Samar Badawi + Brother Raif Badawi Remain In Saudi Arabia Dhahban Central Prison, As Saudi Arabia Disallows Any Dissent

Political activist Samar Badawi is presented with an International Women of Courage Award by U.S. Secretary of State Hillary Clinton as first lady Michelle Obama looks on during a ceremony at the State Department March 8, 2012 in Washington, DC. Alex Wong via Slate.com

Coming to grips with the horrors of Saudi Arabia’s torture of women’s activists at the same time Mohammed bin Salman bin Abdulaziz Al Saud — or MbS — lifted the ban on women driving in the kingdom is no more complicated than following the daily mental machinations of Donald Trump.

Jailing the Saudi women activists behind the women driving campaign seems irrational, but only if one fails to understand that machinations are not rational thought processes. Perhaps this is why MbS and Donald Trump have such a lovefest. It takes a self-absorbed schemer to know one, which is precisely why they end up so often hanging out together as the world’s leading autocrats.

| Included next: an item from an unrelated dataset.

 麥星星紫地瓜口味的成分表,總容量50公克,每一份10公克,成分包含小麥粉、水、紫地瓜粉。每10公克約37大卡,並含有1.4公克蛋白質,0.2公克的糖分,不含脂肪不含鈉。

Updating AOC two days ago about the jailed women’s activists, I zeroed in on the name Samar Badawi, knowing her to be the sister of jailed liberal blogger Raif Badawi. In 2015 Raif was sentenced to 10 years in prison and 1000 lashes for his writings. After receiving the first 50 lashes — which nearly killed him in front of the entire world — Raif Badawi has languished in Saudi prison.

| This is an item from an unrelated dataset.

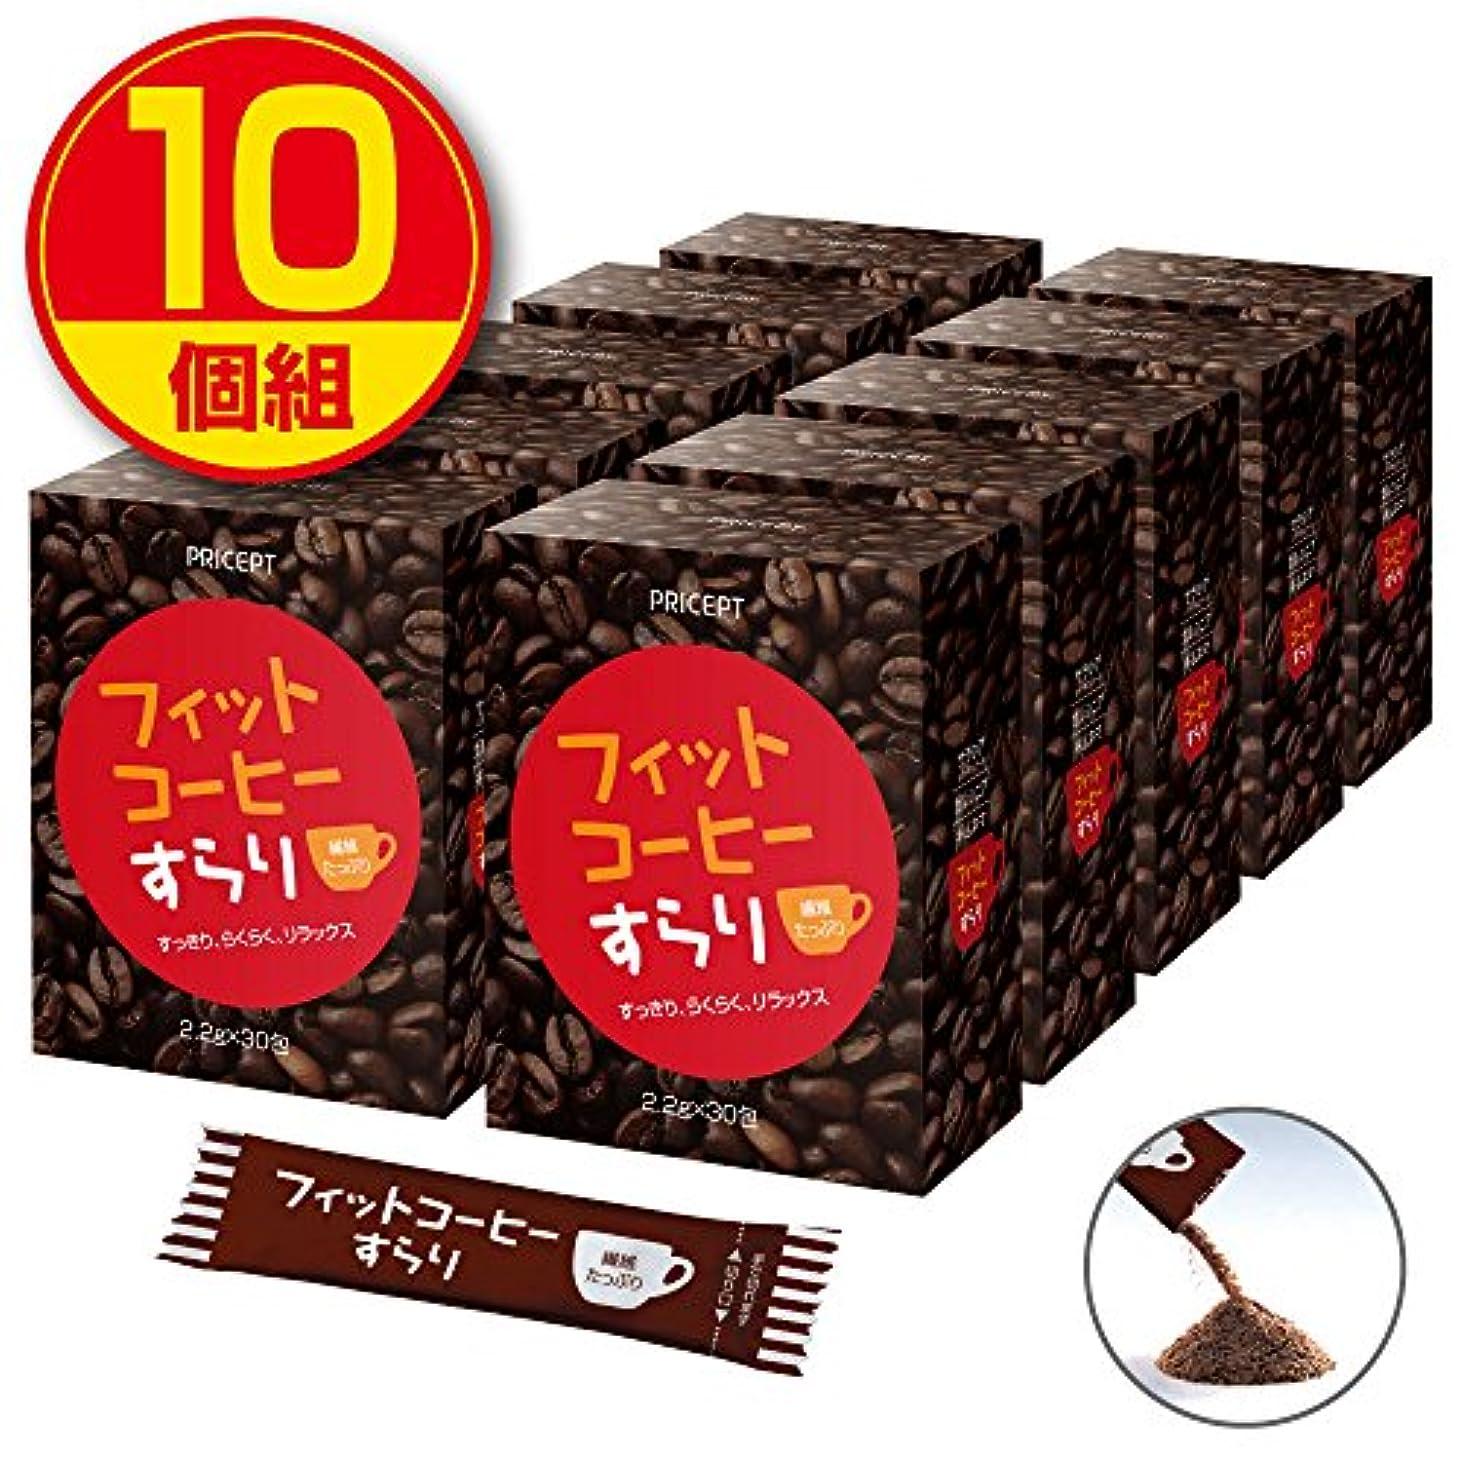 特異なレーザ花に水をやるプリセプト フィットコーヒーすらり 30包【10個組(300包)】(ダイエットサポートコーヒー)

Women activists arrested in Saudi Arabia include Loujain al-Hathloul, who I considered to be a major face behind the driving ban. Samar Badawi has campaigned for years against the most discriminatory of all the Saudi laws against women’s rights — as if it’s possible to enumerate them in order. Badawi opposes against the male guardianship system, under which women require the permission of a male relative to travel, marry, or work in certain jobs. In this article ‘Saudi Arabia: Where Fathers Rule and Courts Oblige’, Human Rights Watch details the mutual litigation of Badawi and her father against each other.

It was for this work that Samar Badawi received the US State Department International Women of Courage Award in 2012, when Hillary Clinton was Secretary of State. Note that Waleed Abu-al-Khair, Samar’s former husband and Raif Badawi’s lawyer, is also jailed for 15 years.

Writing for the New York Times in December 2018, Katherine Zoepf reported on her November 2015 visit to Saudi Arabia and time spent with marketing consultant and human rights activist Fahad al-Fahad. Referencing the unwillingness of Donald Trump to indicate any willingness to hold Mohammed bin Salman bin Abdulaziz Al Saud — or MbS — responsible for human rights abuses, especially in light of the assassination of Jamal Khashoggi, Zoepf says that the crackdown on dissent in Saudi Arabia is worse than it’s been in decades.

But despite continuing anger over Mr. Khashoggi’s fate, too little attention is being paid to the crown prince’s treatment of dissidents inside the kingdom, who often lack the resources to consider lives in exile, and who are now being imprisoned in record numbers. More than 2,600 Saudi dissidents, including prominent scientists, writers, lawyers and women’s rights campaigners, are in detention in Saudi Arabia, according to Prisoners of Conscience, a Saudi group that tracks political prisoners. Most were convicted under the kingdom’s counterterrorism laws, receiving sentences for such nonviolent offenses as “criticizing the royal court” and “ridiculing religious figures.” Few of these people are as well known in Western capitals as Mr. Khashoggi was, but their stories are no less important.

Saudi Arabia was not always like this. Viewed from afar, Saudi kings may look like one long, undifferentiated line of autocrats. But the degree to which dissent is tolerated has fluctuated over time, depending on the temperament of the ruler and the pressures he faces.